9/20/2007

Post Strikes will not help the Post Office survive but ...

Yes, a big but in my mind is that the problems in the Post Office could so easily have been avoided.

In great part the problems have been caused by the government insisting that the UK postal market be opened up to foreign competition whilst many of the countries the foreign companies are from do NOT open up their own services. In much the same was as it is very difficult now to find a UK company that provides water, gas or electricity because they have been bought by foreign companies whose home markets are still monopolies, the same is happening to the postal service.

The changes the Post Office need to go through do not have to be so quick and so radical and were it not the need to change so quickly of be made extinct by foreign companies who offer few benefits to their own workers, the Post Office's change could have been evolutionary and not revolutionary.

Of course, the proposed changes to the Post Office Pension scheme might have been avoided if the post office had not taken a seventeen year pension holiday on its pension fund (not this was started under the Tories and continued under Labour).

However, given where we are at, I cannot see hoe striking will do anything other than play in to the hands of the Post Office's foreign rivals but I accept at the same time that if I were a postal worker and they were threatening to cut my pension then I would probably go on strike too.

4 comments:

Anonymous said...

As a postal worker nearing 60, I agree with the comments here. Royal Mail is proposing to cut my pension from 1 April next year by making it 'Career' based instead of
based on my final salary, and from 1 April 2010 we will have to work to 65, instead of being able to retire at 60, as I was promised when I joined RM almost 30 years ago. I have always paid my pension contributions - it was RM who took a pensions holiday for 17 years, but it is me and my fellow workers who are being penalised.
Also RM are proposing huge changes which will make us virtually slaves at their beck and call, changing our attendances and making us work longer hours without extra pay without notice, making it impossible to plan a home life, child care etc.
They are refusing to negotiate with our Union, and are imposing these changes by 'Executive Action'.
RM's changes will also worsen our services to our customers - they will be closing down 2,500 Post Offices, and deliveries will be up to 2 hours later.
This is why we are having to respond with industrial action.
If you want to hear how postal workers feel about this and to find out more about RM's proposals have a look at www.royalmailchat.co.uk

Tristan said...

I don't care if foreign companies don't have to compete at home, the opening up of the market in the UK is best for consumers.

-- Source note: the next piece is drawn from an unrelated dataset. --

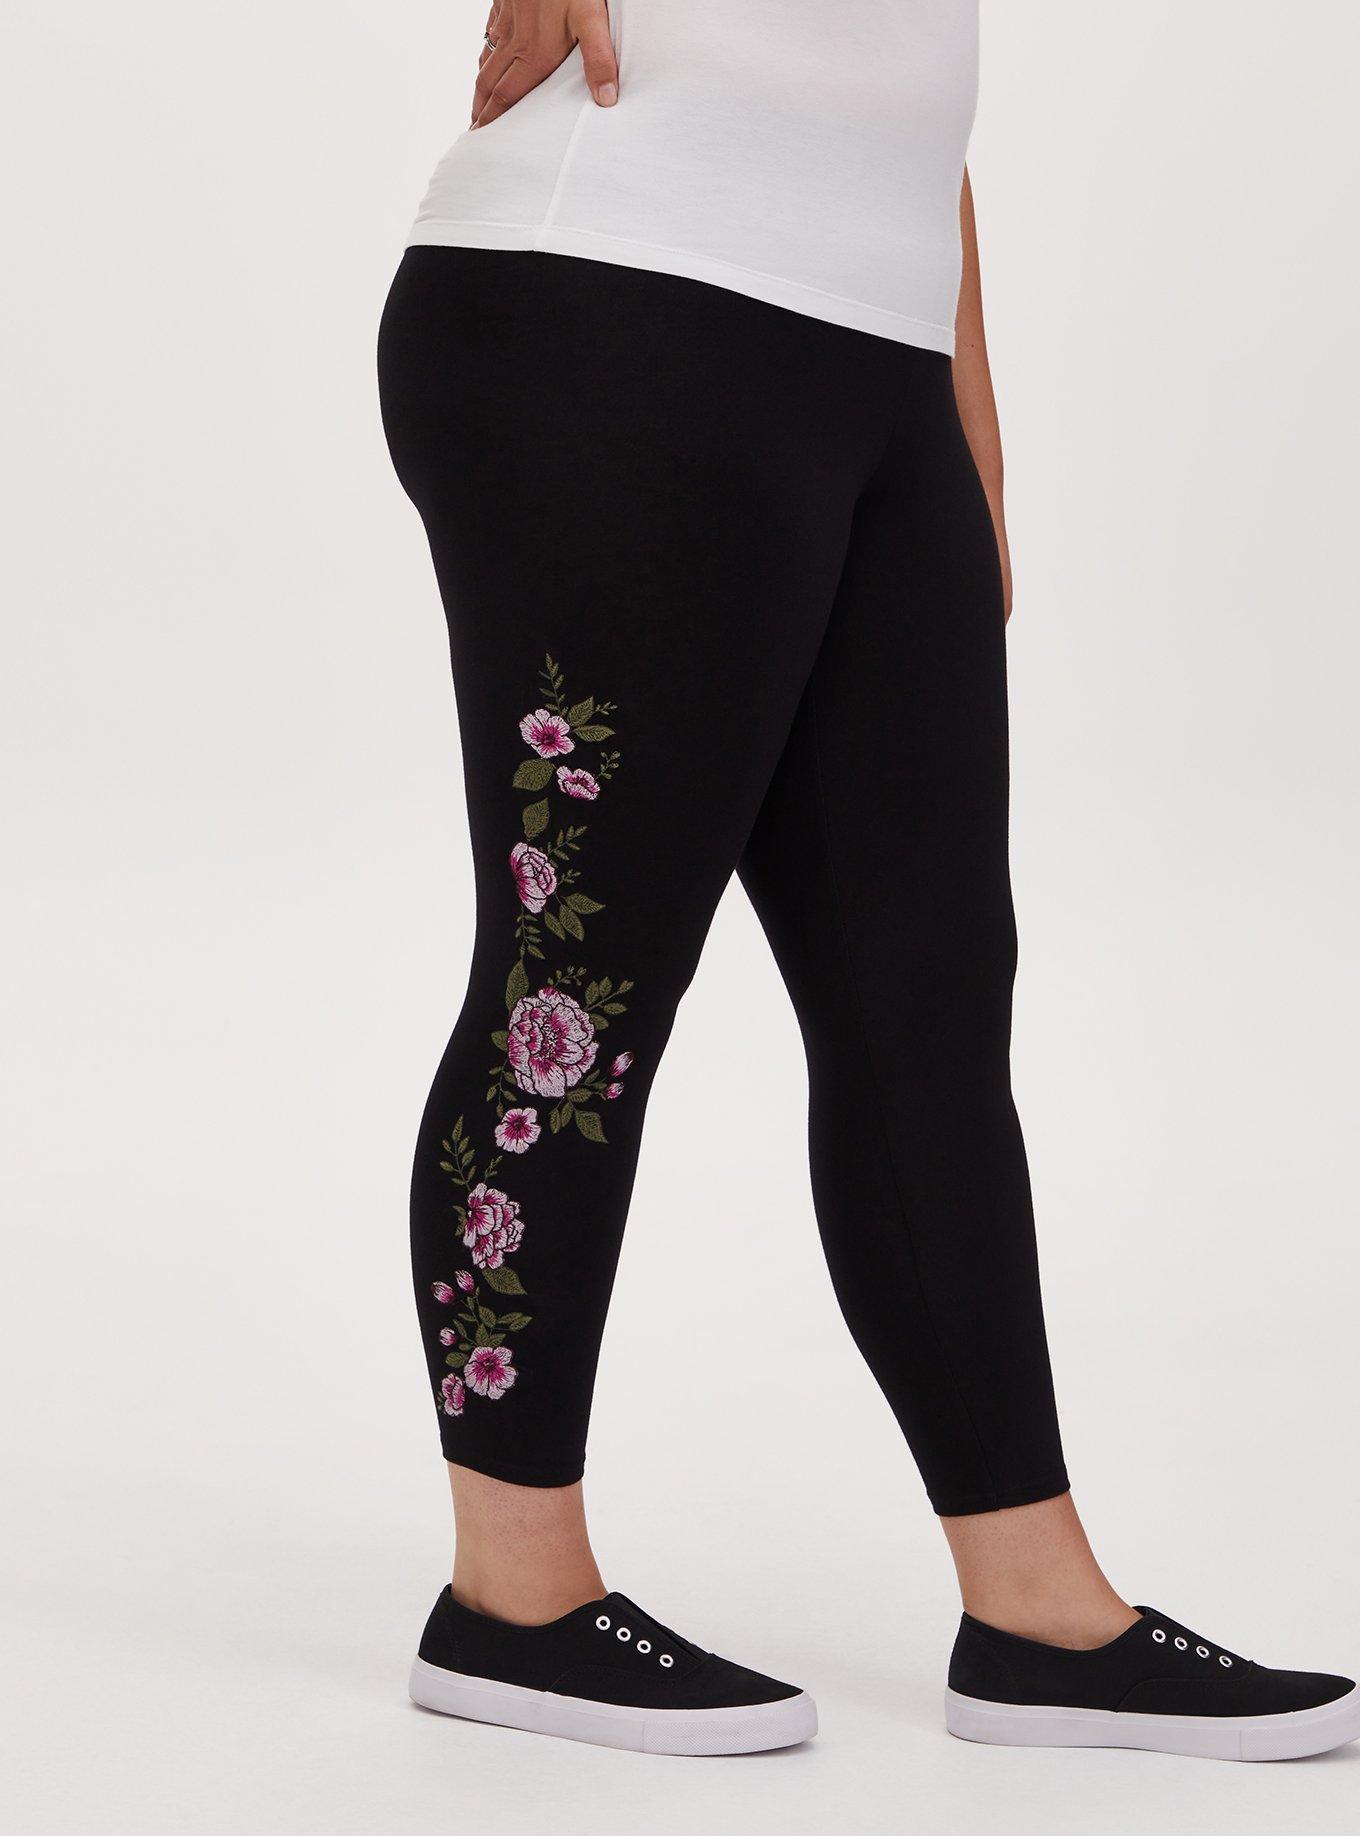 Miracle Cotton Leggings Price: 399/- Type: Embroidered Leggings

Who cares what country a company comes from? Economic nationalism is a nonsense.

The problems were not created by deregulation, they were simply highlighted by it. The problems stem from a bureaucratic government run service. A postal service is not something the state needs to run, its not a natural monopoly.

Anonymous said...

The problem with deregulation is that the private companies entering the market do not have to compete on equal terms. They can undercut the price quoted to a poster by Royal Mail, but RM is not allowes to undercut them, by the Regulator.
They only want to take on the bulk postings which are already postcode sorted, and therefore only have to be separated by machines, and are then returned to RM for the 'final mile' delivery, which is the difficult and costly part of the process - this is called Down Stream Access.
RM still delivers 98% of the post,
up to 20% of which has been processed by competitors. The private firms only pay RM 13p for each letter, but it actually costs an average 19p to deliver that letter, so RM is subsidising the competition. This is inevitably going to lead to the end of the universal service obligation and mean that delivery providers will have to charge on the basis of distance/difficulty of delivery. The private sector is not interested in setting up a universal delivery system which is difficult and expensive. They would only deliver business post in big cities.
Which is why other European countries are delaying or opposing opening up the postal service markets, and why the UK Government should not have rushed into deregulation years ahead of the rest of the EU.

Anonymous said...

I am afraid that despite providing an excellent service it is only a matter of time before electronic delivery replaces physical delivery of everything smaller than a packet. Perhaps it is too early to say goodbye to the Royal Mail, but the recent strike will help ensure the UK's Postal Service dies a death with perhaps even more catastrophic effects for those employed in it and its customers than the unions in the ship and car building building industries caused in the fifties and sixties.

Salvete Postman Pat, Adam Crozier et al.